Back to the waiting room! We wait a little more. Stress over the fact that we didn’t bring my blood glucose record book (eventually they stopped asking- some people just don’t have the brain space to remember things). Then, we get called into the endocrinologist’s room. The one we always went to had a portrait of cut up oranges in it, and for some reason I loved it. The endocrinologist would usually just chat to my mum while I sat in my own world (as a child) or sat in broody silence (as a teenager). I would usually beg for my blood pressure to be taken. Mum and the endocrinologist (almost always Dr. Price for the past 6 years of my care- a living legend!) would look over my insulin regime, discuss any hypos or issues with sugar control. Then I’d be set free and taken straight back to school.
Occasionally we would see a dietitian or social worker at the clinic. Social workers helped organize healthcare cards and the like- nothing too exciting for me to remember. The longer we went to clinics, the less we saw dietitians. While at the adolescent clinic, I refused to see them altogether. Now, I work alongside dietitians for my career, and I admire them. I believe that they are a complete necessity to the patients I treat, and I commend their work. But my personal experience with dietitians has been bleak. At first they were a great help, along with diabetes educators, at teaching carb-counting and what kind of foods were low GI etcetera. But soon after, they pretty much only talked about my weight. As a (normal-sized, I might add) seven year old, it wasn’t very pleasant to have adults discuss my weight and tell me I was overweight every 3 months!

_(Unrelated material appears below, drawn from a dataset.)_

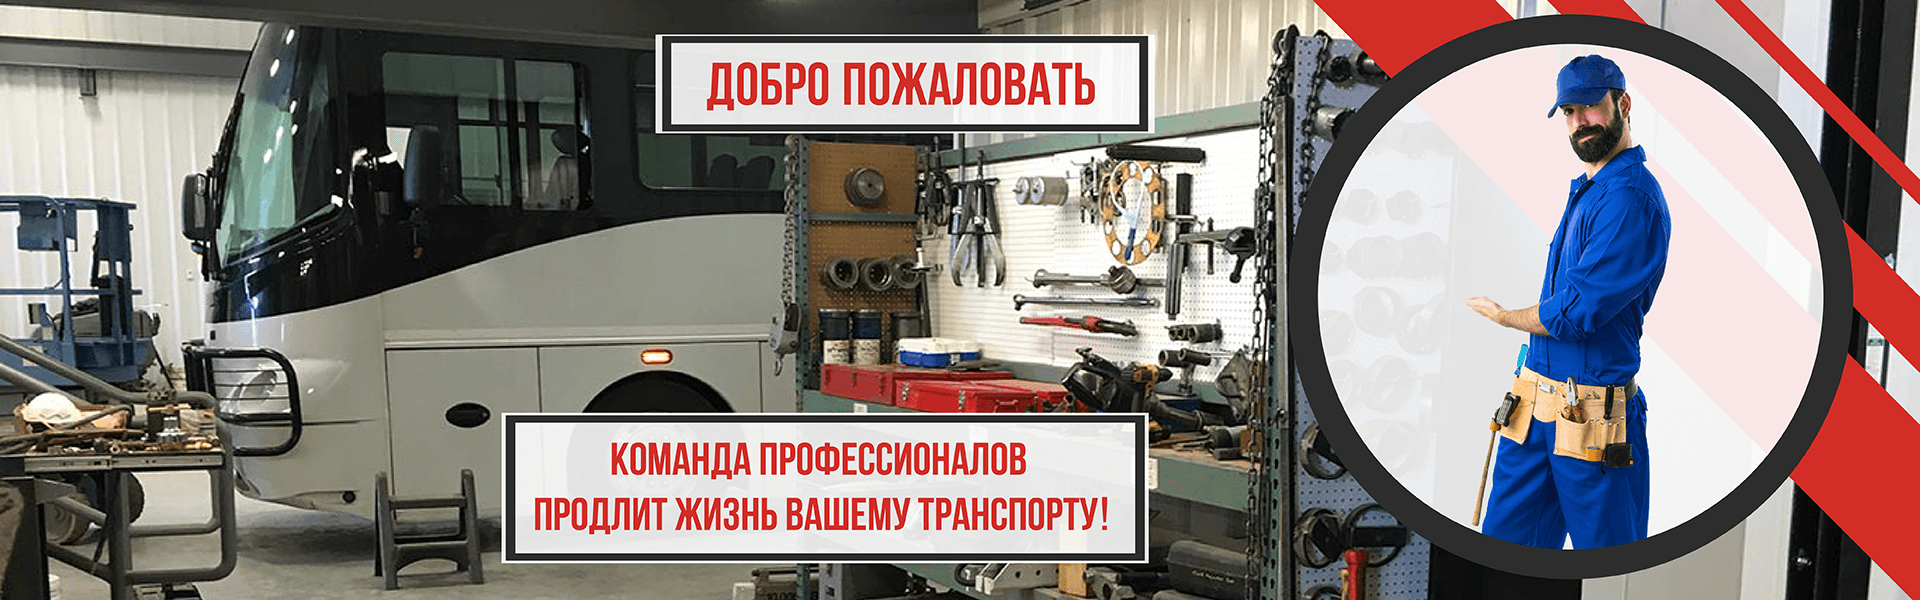 Грузовой автосервис в Минске, ремонт грузовых автомобилей

(Me blowing out the candles at my 7th birthday party. Definitely not overweight!)
So, from paediatric clinic at PMH, we move to SCGH. In the public system, you go from roughly 3-monthly visits at PMH to 6-monthly (if you’re lucky!) visits at SCGH. I started off in the young adults clinic at SCGH, with an amazing educator named Gwen Babel. Unfortunately, it takes more than a great educator to keep a supportive system in place. I was soon placed into adult clinics at SCGH, once they noted I was already in control of my diabetes and able to manage it. Adults clinic is… unpleasant. It’s a mix of type one and type two diabetics. At my appointment today, I was the only person under the age of 65. Usually, being with a bunch of senior citizens would make my day! Unfortunately for me, senior citizens don’t like me with bright pink hair when I’m not in my nursing uniform :~(
My usual visit at SCGH takes 20 minutes, compared to the usual hour or so at PMH. I sit in a corridor. I get called into a room. My weight, height and HbA1c are taken. I sit back in the corridor. I see the endocrinologist. I go home. I have to specifically request to see a diabetes educator, and sometimes the closest slot they have is 6 months away!
Due to the immense pressure on the public system, my last visit before today was 14 months ago. During my last visit the doctor informed me that since I was so well controlled, I could go a year without seeing them. A pretty great system! Here’s your reward for taking care of yourself- you are stripped of your support! As a health professional I understand why this is the way the system works. I don’t mean to criticise any of the people who work at the diabetes clinic, they are an amazing team. However, the stark difference between the support in paediatric and adult clinics still mind-blowing to me after all this time. All those advertisements aimed at type twos to exercise and eat well… how about giving them access to the services they need? All this pressure to maintain a HbA1c below 8%… but no guidance on how to get there?
ANYWAY, that’s me done. I turned a little ranty there, my bad.